Directors can’t interfere with that order, and any attempt to favour one creditor over another or to divert funds to themselves may constitute a preference under the Insolvency Act 1986 and will be investigated by the liquidator.

What can’t a director do when a company is insolvent?

Once a company is insolvent, directors must avoid any actions that could worsen the position of creditors or increase losses.

Directors’ conduct before and during the liquidation is closely assessed by the liquidator, and they’ll look at whether they’ve been involved in: wrongful trading, misfeasance, fraudulent trading, giving preferential treatment to certain creditors, and selling or transferring company assets below market value. 

Where any of these claims are established, directors can face personal liability, disqualification, or both.

What is wrongful trading?

Wrongful trading occurs when a director allows the company to continue trading and take on debt, knowing it is insolvent.

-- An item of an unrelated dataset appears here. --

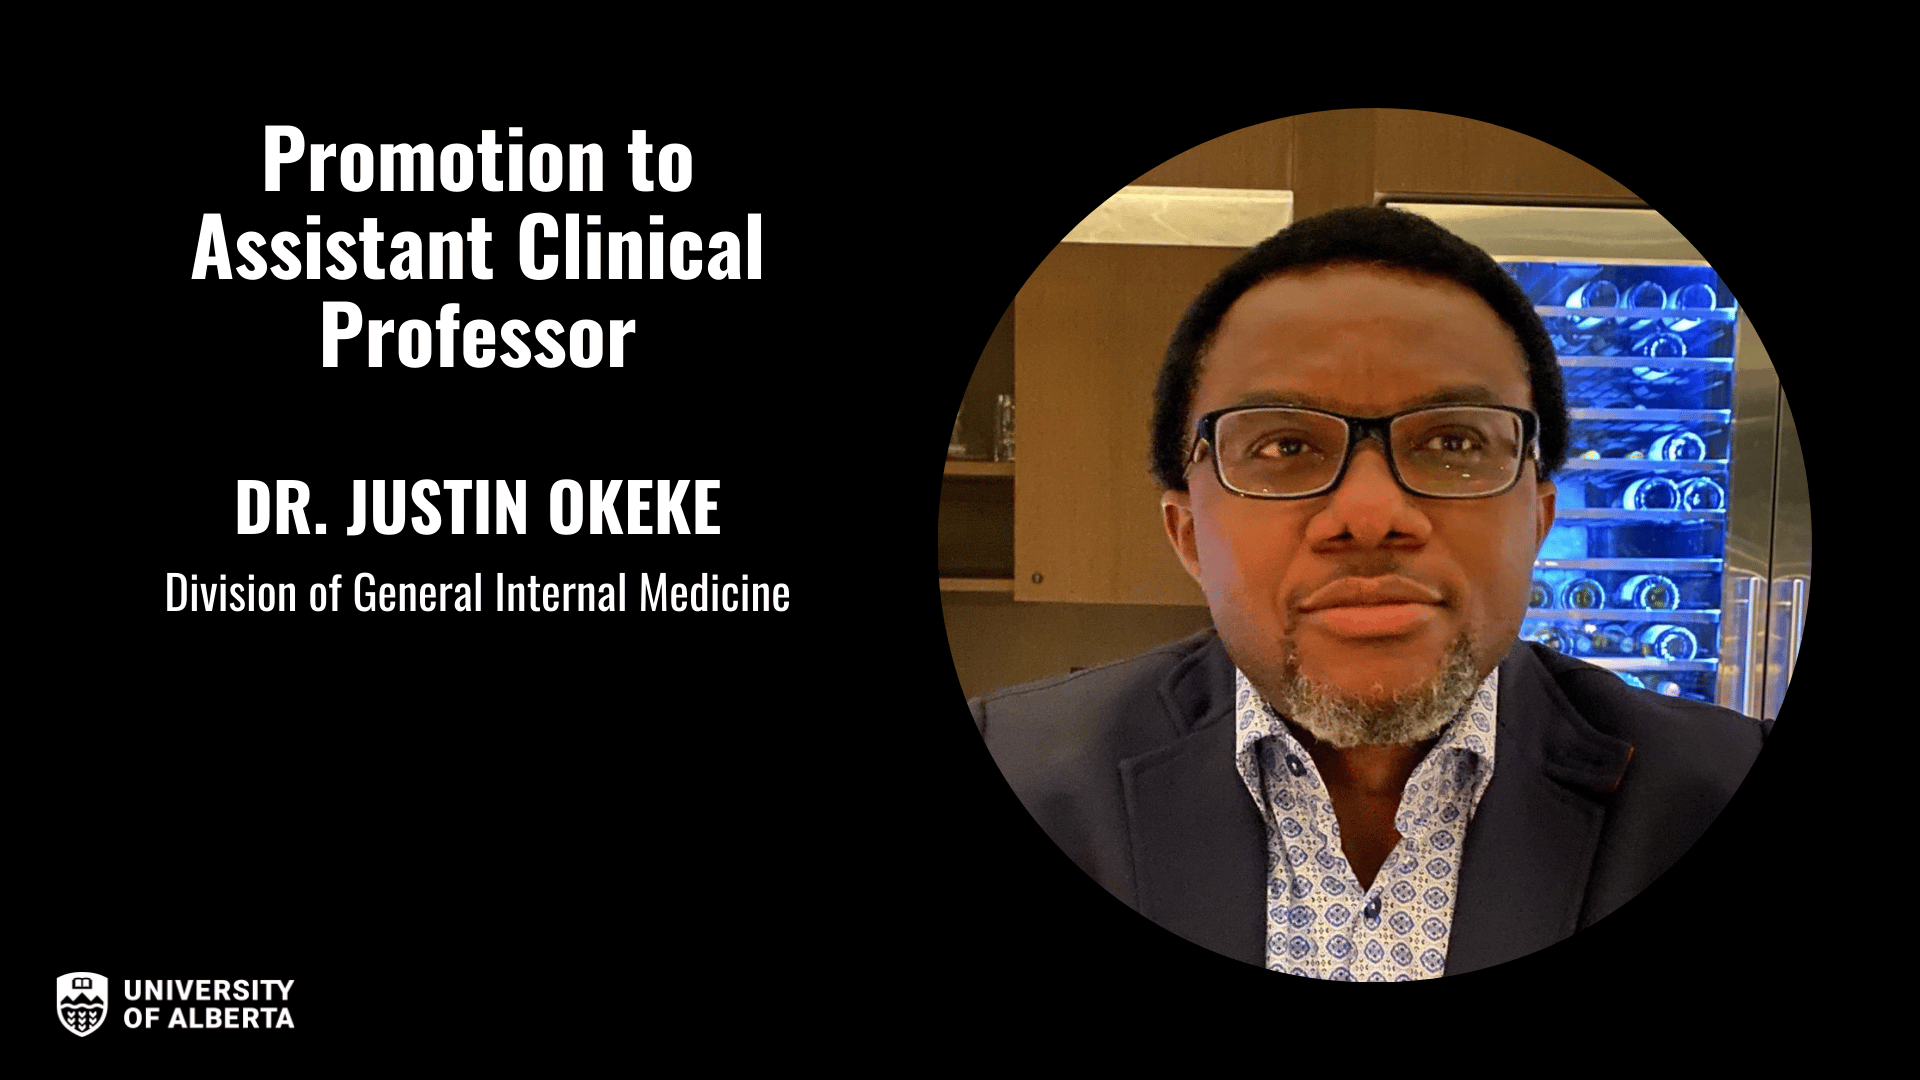 Dr. Justin Okeke

If a liquidator finds evidence of wrongful trading, a court can 

to make a personal contribution to the company’s assets, increasing the funds available for distribution to creditors.

A director needs to show they did everything they reasonably could to minimise losses for creditors once it was clear the company was insolvent. Taking early professional advice and acting promptly is the best way to demonstrate this, as delaying can be treated as evidence of wrongful trading.

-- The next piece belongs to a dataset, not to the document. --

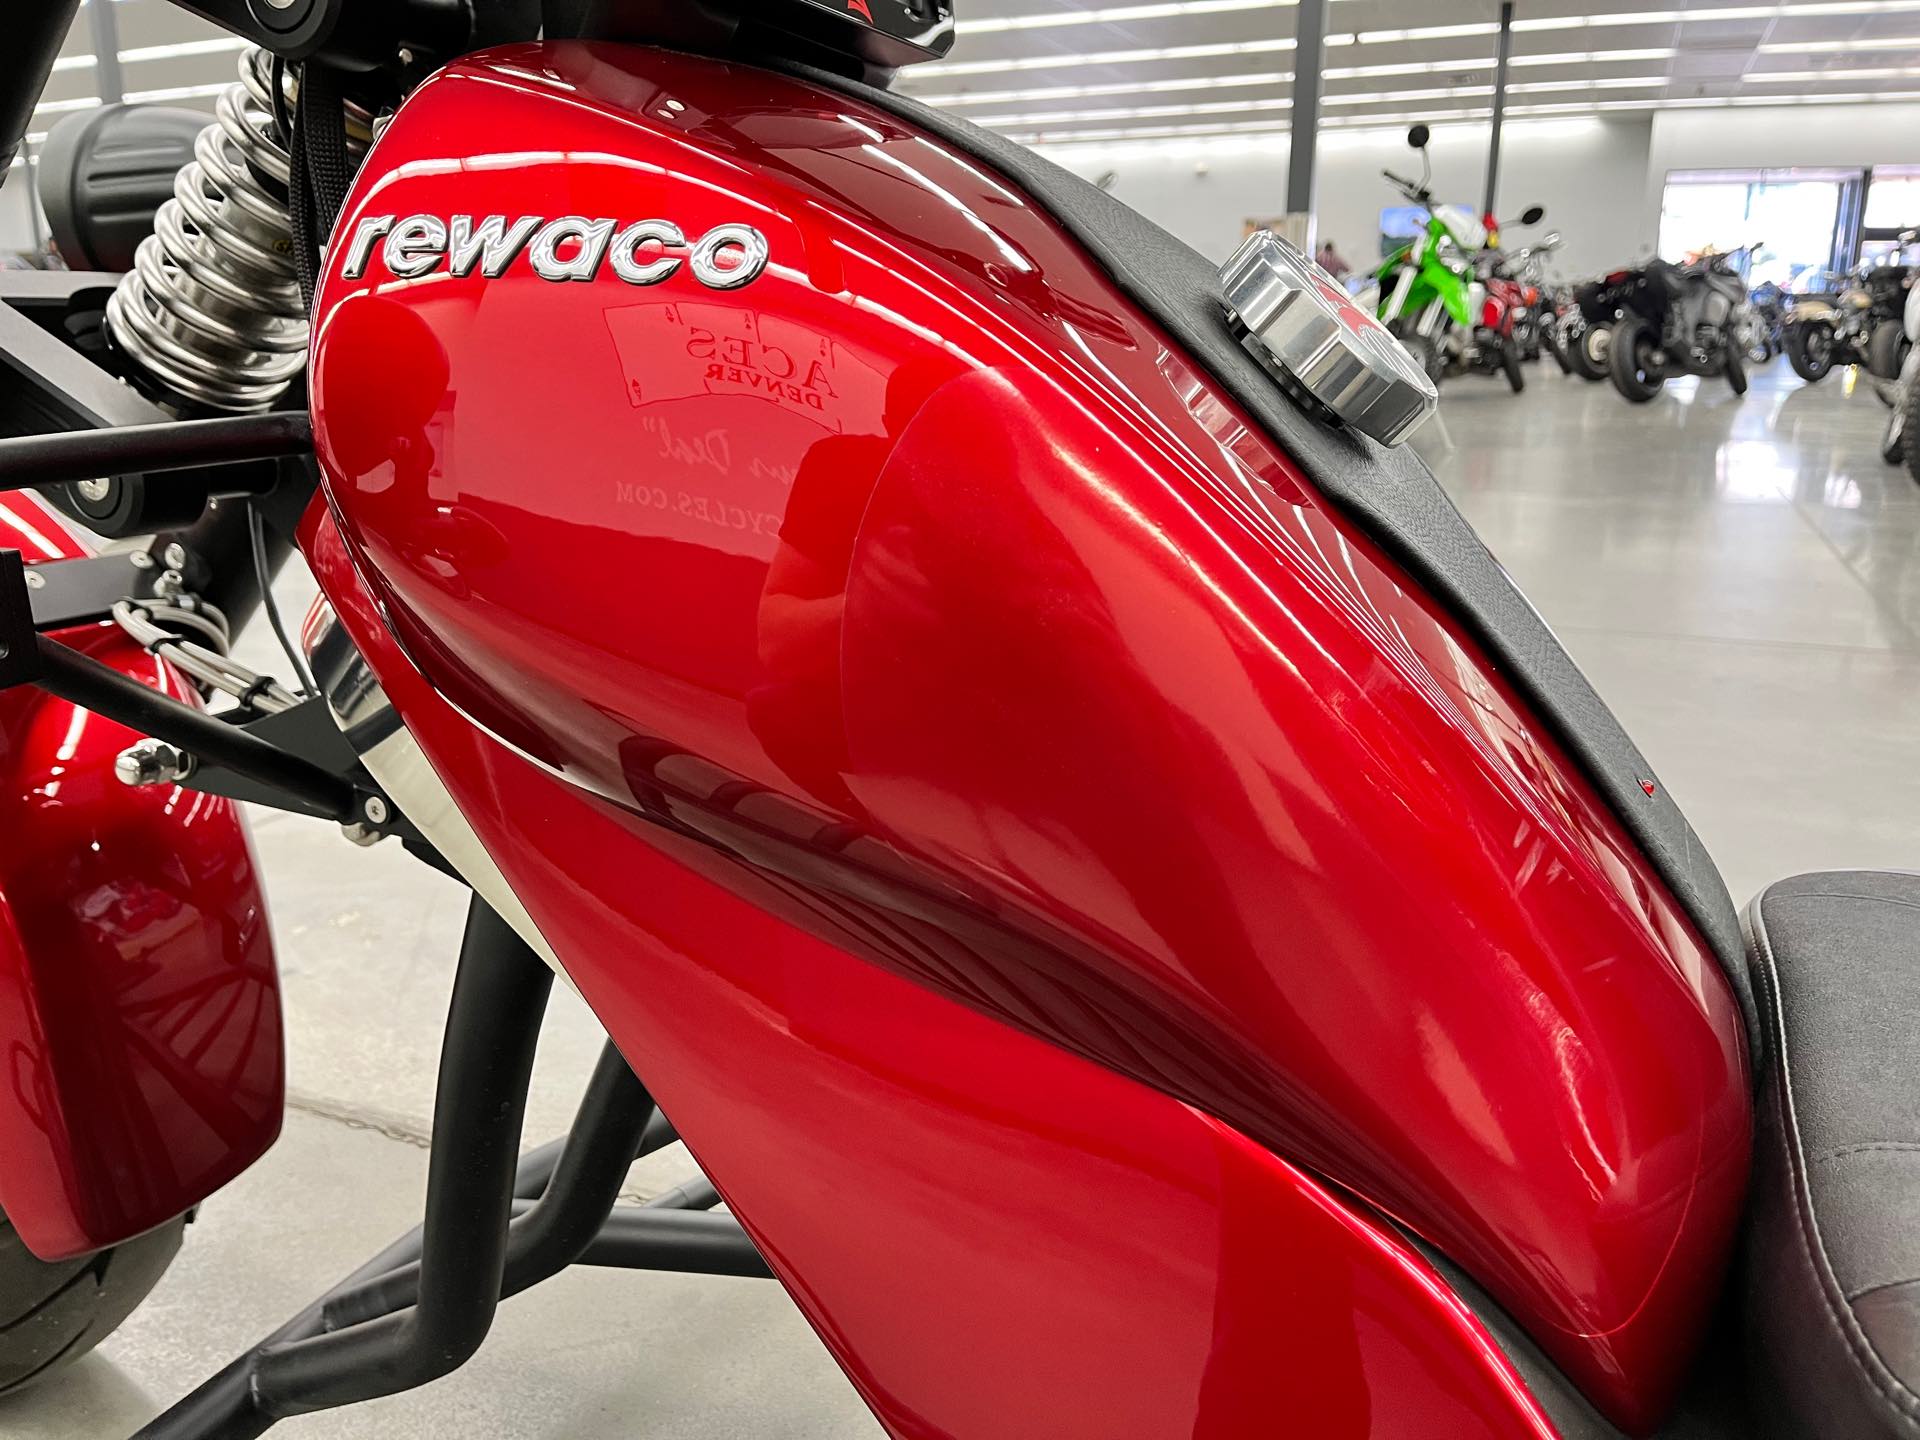 2022 REWACO LT-2 Turbo w Blackline pkg at Aces Motorcycles - Denver

What is fraudulent trading?

Fraudulent trading is more serious than wrongful trading, as it involves deliberately defrauding creditors, for example, taking on credit with no intention of repaying it, or misrepresenting the company’s financial position to suppliers or lenders. Unlike wrongful trading, fraudulent trading can apply to anyone knowingly involved, not just directors. It carries both civil liability under s.213 of the Insolvency Act 1986 and criminal liability under s.993 of the Companies Act 2006, with those convicted facing unlimited fines and up to 10 years’ imprisonment.

What are preference payments?

A preference payment is when a director pays one creditor ahead of others in the period before insolvency, for example, repaying a loan from a connected party such as a family member or fellow director or where there is a Personal Guarantee, giving that creditor an advantage they would not otherwise have received. 

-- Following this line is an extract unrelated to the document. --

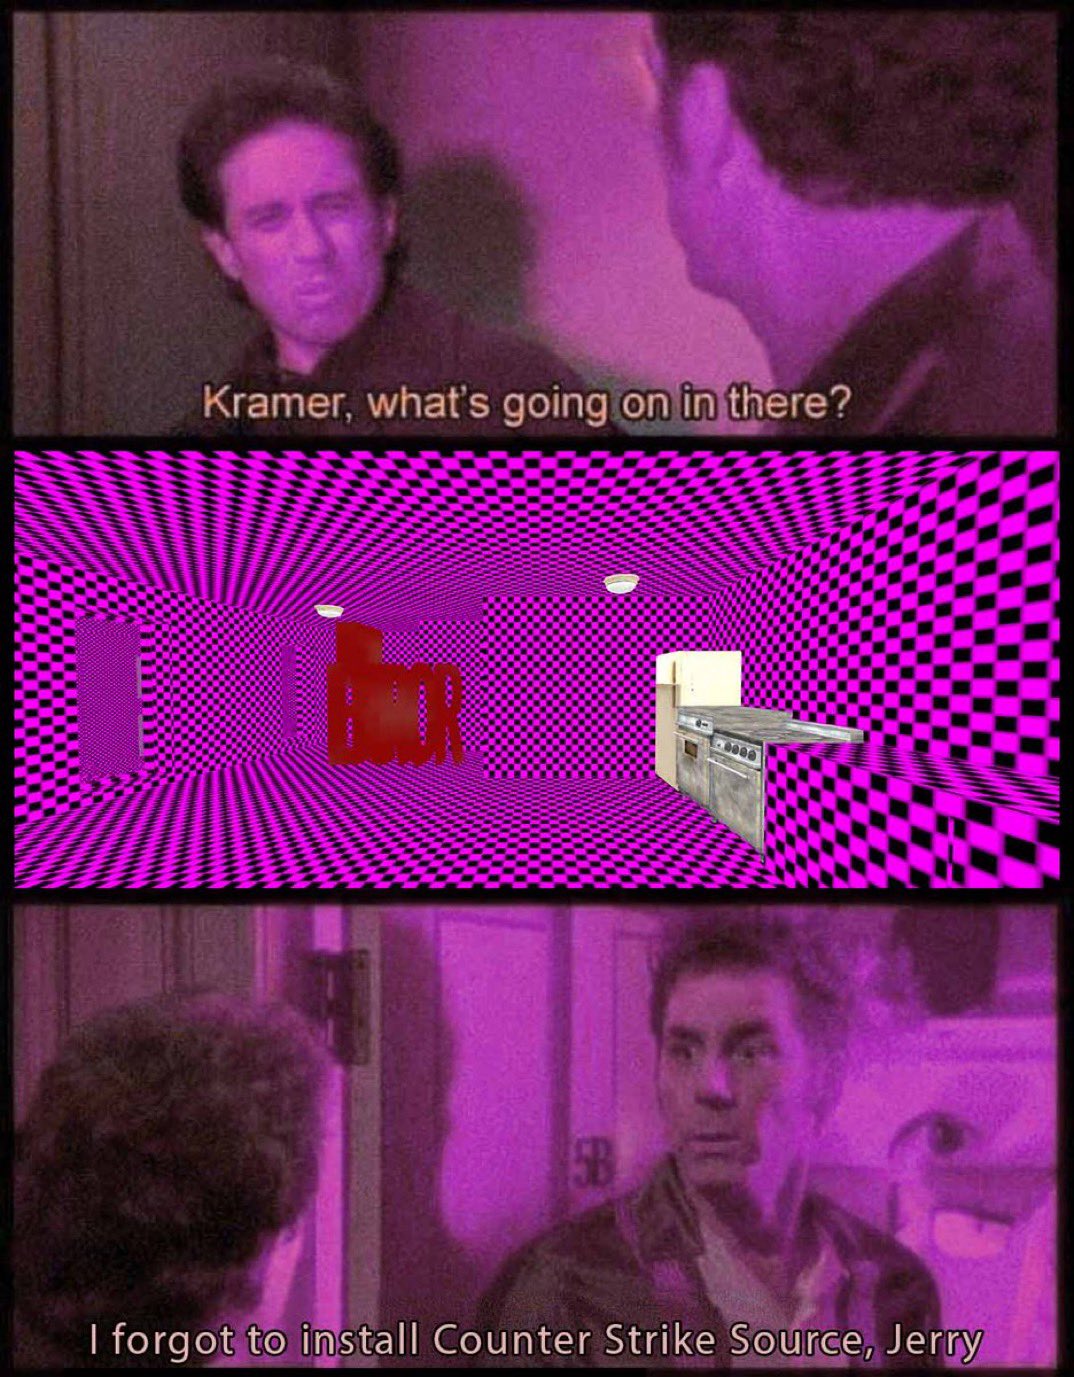 Kramer forgot to install Counter-Strike: Source

For a payment to constitute a preference under s.239 of the Insolvency Act 1986, the director must have been influenced by a desire to put that creditor in a better position.

Courts can reverse preference payments made within six months of insolvency, or within two years where the recipient is a connected party.

The best way to avoid making preference payments in insolvency is to take professional advice before making any payments to creditors once the company is struggling financially.

Selling company assets before liquidation

If you sell company assets before liquidation, the liquidator will review those transactions as part of their investigation into the company’s affairs.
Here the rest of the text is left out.